Predatory pricing is illegal in the U.S. and elsewhere, under anti-trust law. Predatory pricing occurs when a supplier cuts his prices for the purpose of bankrupting a competitor, or at least driving the competitor out of the market. The predator is willing to suffer losses or reduced profits temporarily, while holding the prices low. Once the competitor is gone, the predator’s pricing power will have increased enough that he can raise prices a lot and make up for losses suffered during the period of predation. Predatory pricing is definitely possible in free markets but is very risky for several reasons: (1) the predator can’t be sure how long it will take to ruin his competitor, (2) he can’t be sure how long he can maintain low prices without sustaining ruinous losses or perhaps face a shareholder rebellion, (3) it’s possible the competitor, or someone who has bought his assets in bankruptcy, will come back to life and start competing as before. For these reasons (and others, such as the difficulty facing regulators who are supposed to distinguish predatory motives from “innocent” business strategy), I believe there is no reason to outlaw predatory pricing.

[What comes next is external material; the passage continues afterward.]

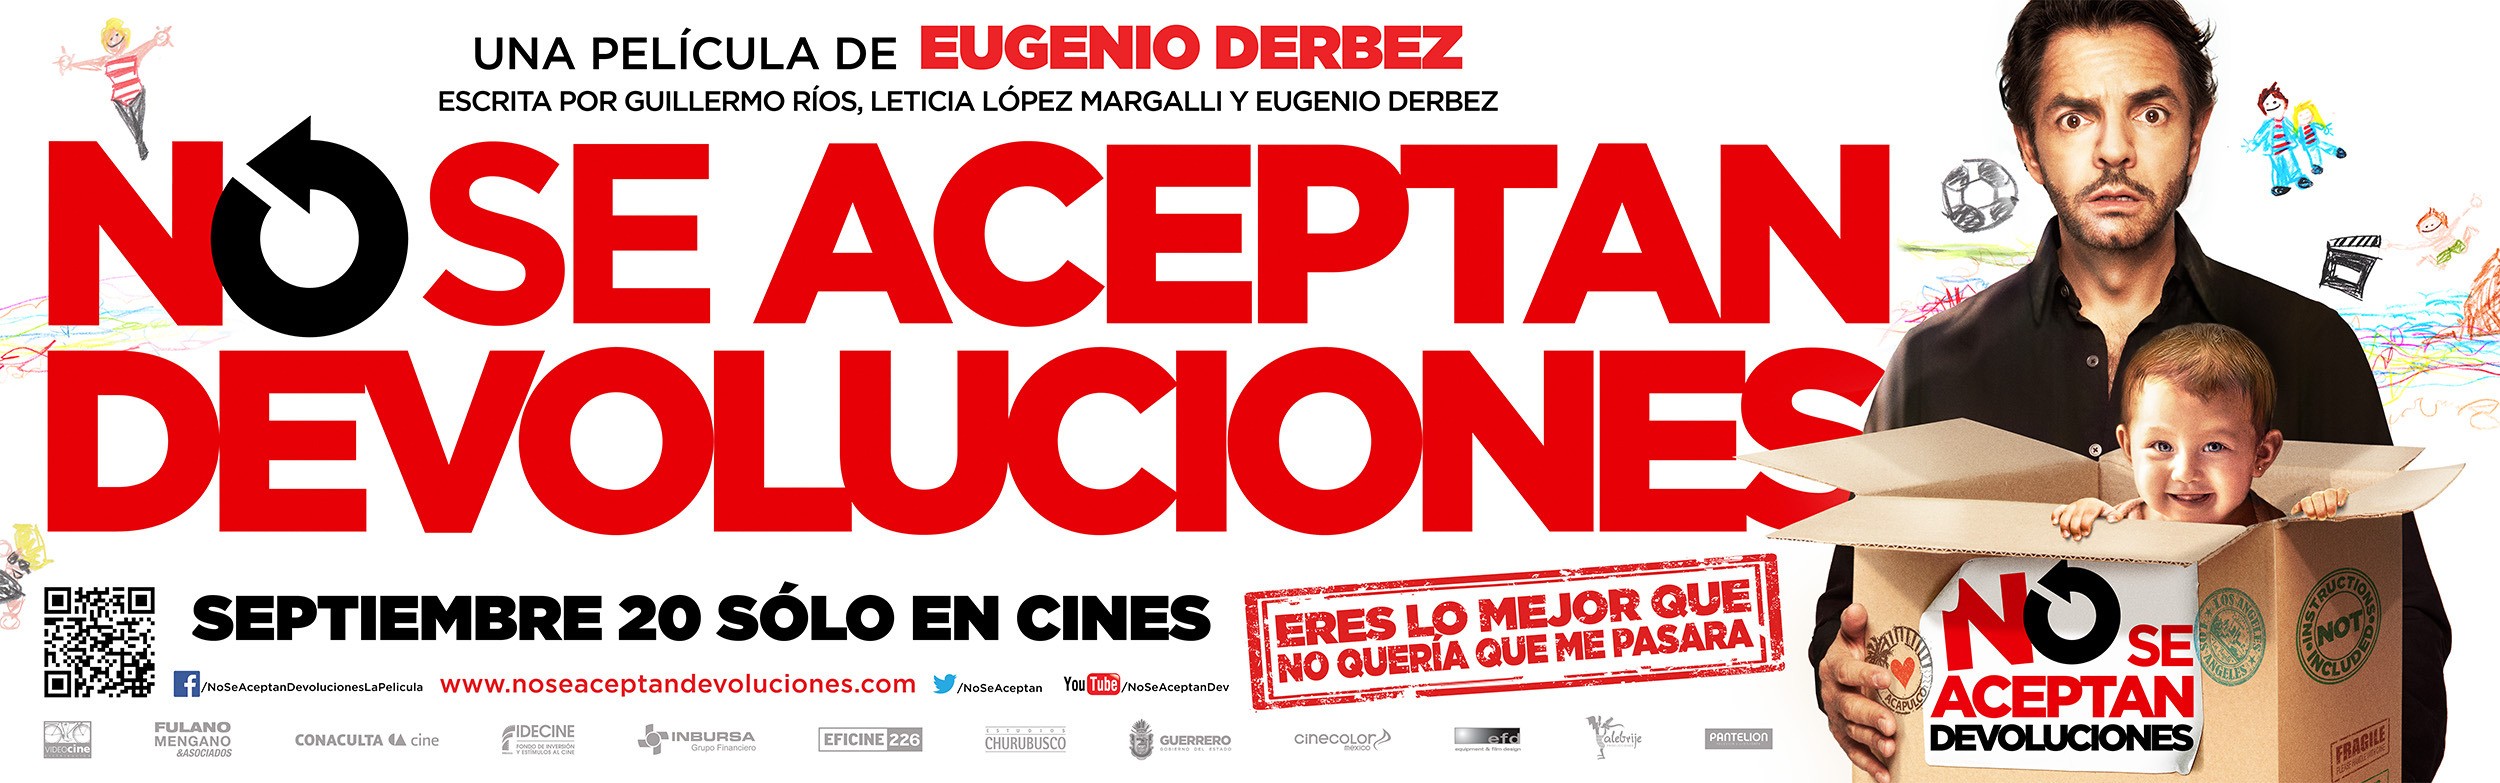 Mega Sized Movie Poster Image for No se Aceptan Devoluciones (#6 of 10)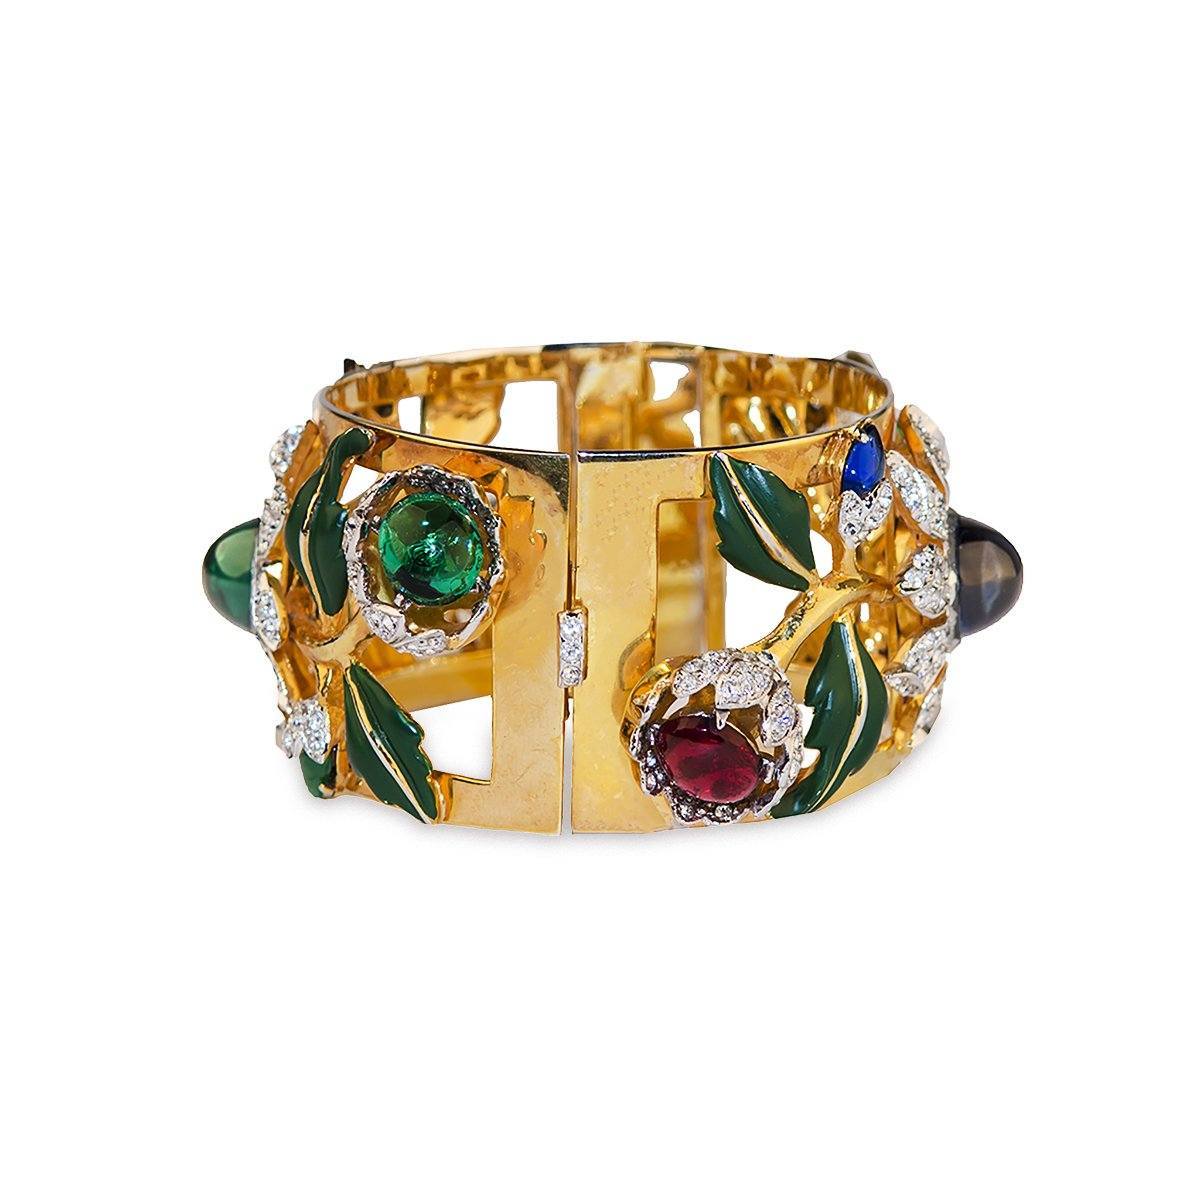 1939 Coro "Carmen Miranda" Rhinestone Gold-Plated Bracelet

The situation is a little different in the international oil market because the Saudis and many other major players are government controlled. They are not constrained (much) by the market forces outlined above. They are not accountable to shareholders and are only vaguely responsible to the population of Saudi Arabia. They have substantial latitude to pursue political motives even if their profits suffer.  And anti-trust law does not operate across national borders.

What might the Saudis want to accomplish politically? They hate Russia and Iran, both of which rely heavily on oil exports. They don’t hate the U.S., at least not openly, but they surely wouldn’t mind sticking it to U.S. and Canadian shale oil producers. Those producers are largely market-driven and thus have limited ability to withstand predatory pricing. The Saudis could indeed drive smaller firms out of the market, and also less profitable operations of larger firms.

That might not be such a bad thing. There has been a huge land rush into shale oil and fracking. In any such boom, whether in energy, mining, or computers, many small firms fall by the wayside. If the Saudis ruin some marginal firms or projects, that’s not such a bad thing.

We little guys are sitting pretty. We’re paying a lot less for gasoline. If we hold shares of the major oil firms we’re probably OK, as their share prices have held up and their dividends look solid. The same is true of the pipeline operators. Only if we hold shares of marginal energy firms or oilfield service companies are we in any trouble.

So – go for it, Saudis! Stick it to the evil governments of Russia and Iran and help us clean out some of our marginal energy operations.